As a civil engineer that has worked on several dam, hydroelectric, and lock projects, I kind of (in an emotional way) want some of these mega projects to happen.
My first concern was active fault lines. I don’t remember where the continental plates join in that area but it’s probably pretty close. Dams and faults don’t usually play nice together.
My second concern is: where we gonna get all the concrete? Making concrete is carbon intensive… so we dam the Med but accelerate the melting of all the glaciers and flood the rest of the sea level areas?
I always love when the Venetian flooding topic comes up and every one tries to solve the complex problem with a seemingly simple solution or multiple complex problems with a single solution in this case. the geology alone is a loosing battle
A bunch of alarmists claim we need to take extreme action or else terrible things will happen and they are always wrong. What’s always right? They tax you and try to reduce your quality of life.
Puppies are cute, and I am so glad you have the courage to say it!
Just to mention that the MOSE in Venice has been active for a few years and it has been working fine. There were a lot of questions during the construction phase but in the end it does work and prevents flooding of the city.
Why have the canals been drying up for the last few years? I thought the sea levels were rising?
@@jimmy_kirk AFAIK they have not been drying up, but been clogged up by sediment faster than in the past.

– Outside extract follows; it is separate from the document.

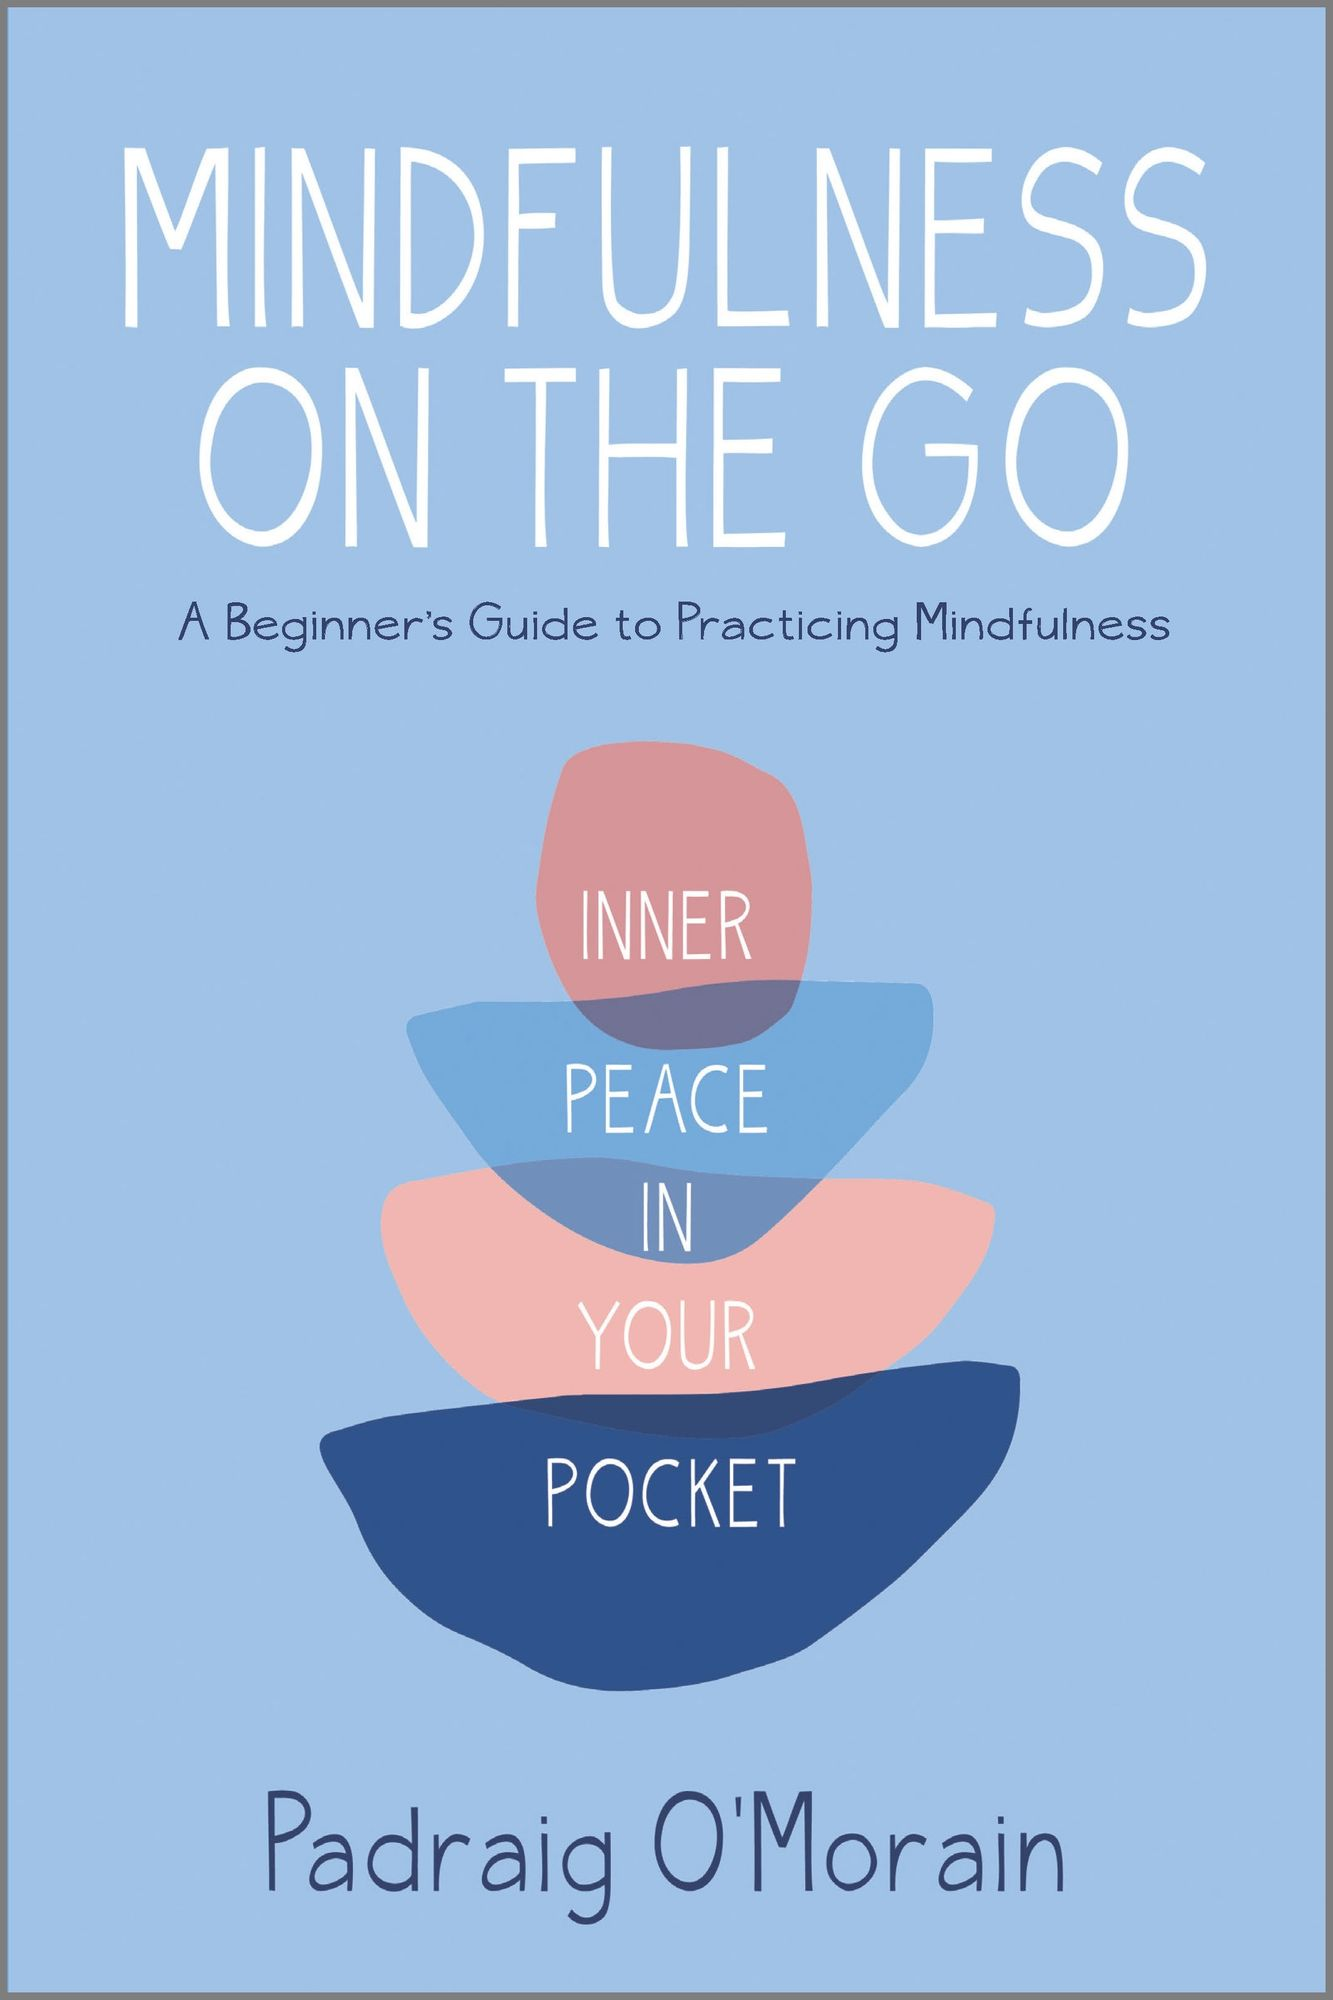 Mindfuless on the Go by Padraig O'Morain

Reason being more floods lead to more flood management construction, leading to less water movement, leading to more sedimentation and less natural currents flushing the canals.
Just like the laguna around Mont st. Michelle was sedimented out of existence when the street/dam was built and preempted water movement.

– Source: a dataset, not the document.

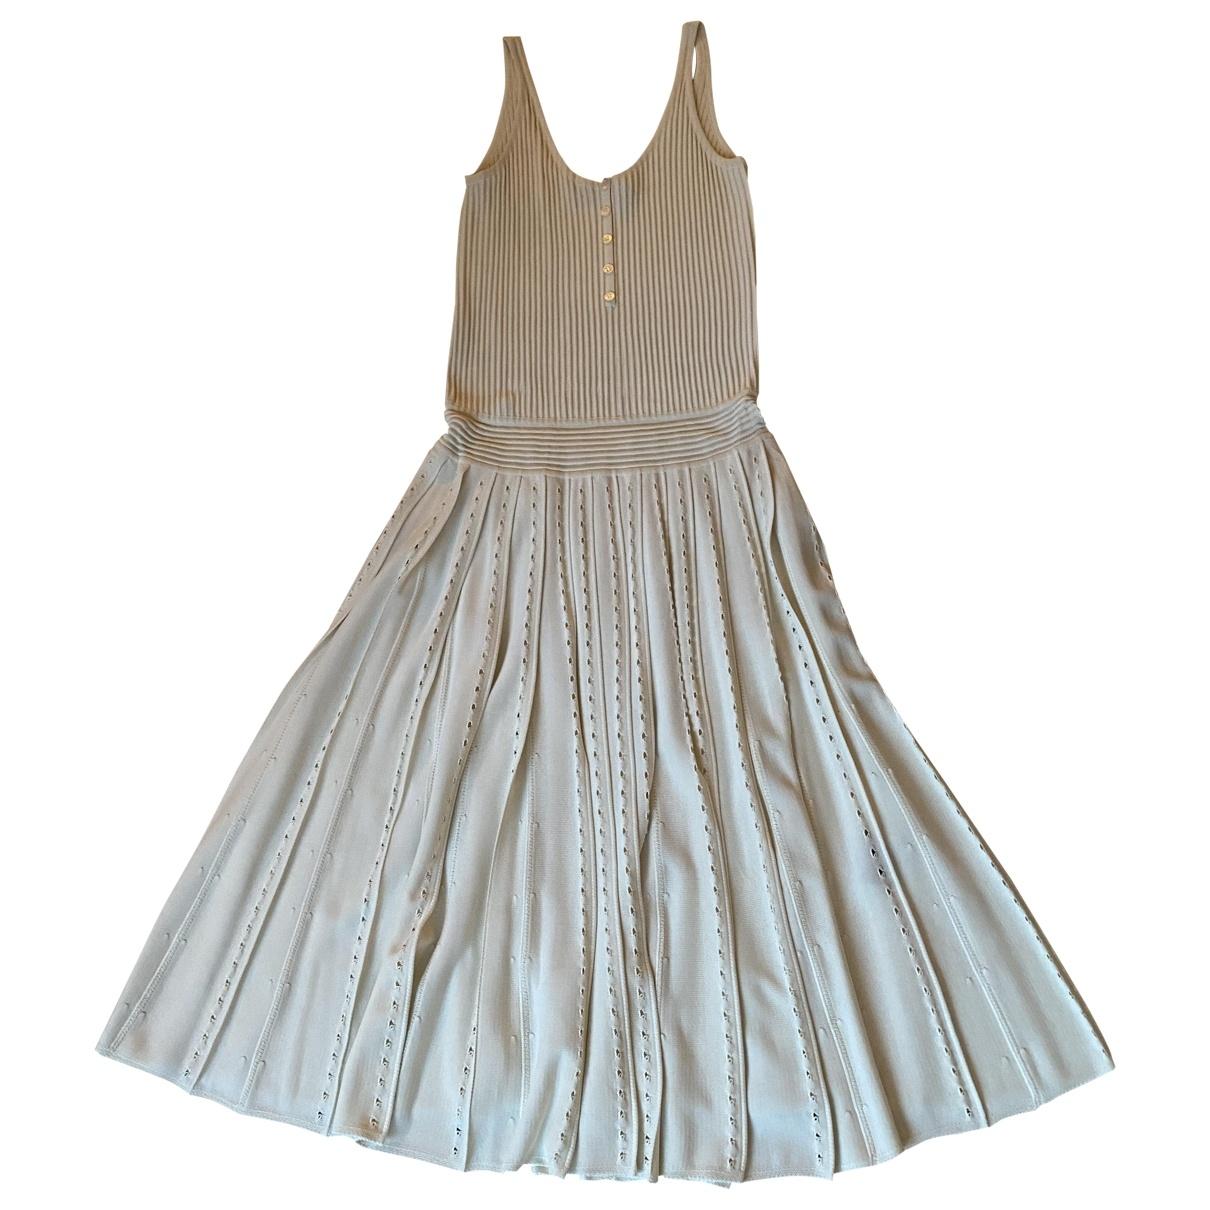 Salvatore Ferragamo \N Kleid in  Beige Viskose

@@FischerNilsA I've literally seen photos of the dried up canals, and there is a plethora of news reports about it. It's not an issue of sediment build up, the water levels dropped about 10 feet below their normal levels.

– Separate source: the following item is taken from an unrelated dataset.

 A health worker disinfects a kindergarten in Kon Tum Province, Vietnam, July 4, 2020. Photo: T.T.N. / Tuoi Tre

@@jimmy_kirk Just look up "bassa marea" or "acqua bassa" (low water level or low tide). It's a phenomenon that occurs yearly that is linked to weak lunar tides and high air pressure. What's made more recent events worse is the high air pressure that's been lingering over Italy much longer than normal, prolonging the effects. It's also not a consistent low either as tides eb and flow daily so most of the canals effected change throughout the day.
@@jimmy_kirk I googled that for you?
Spring/summer 22 and 23 saw a drastic reduction of freshwater inflow to the western mediterranean. The most important river flowing into the adriatic, the Po actually brought 61% less water in the first two quarters due to alpine glaciers being nearly gone and extremely low precipitation.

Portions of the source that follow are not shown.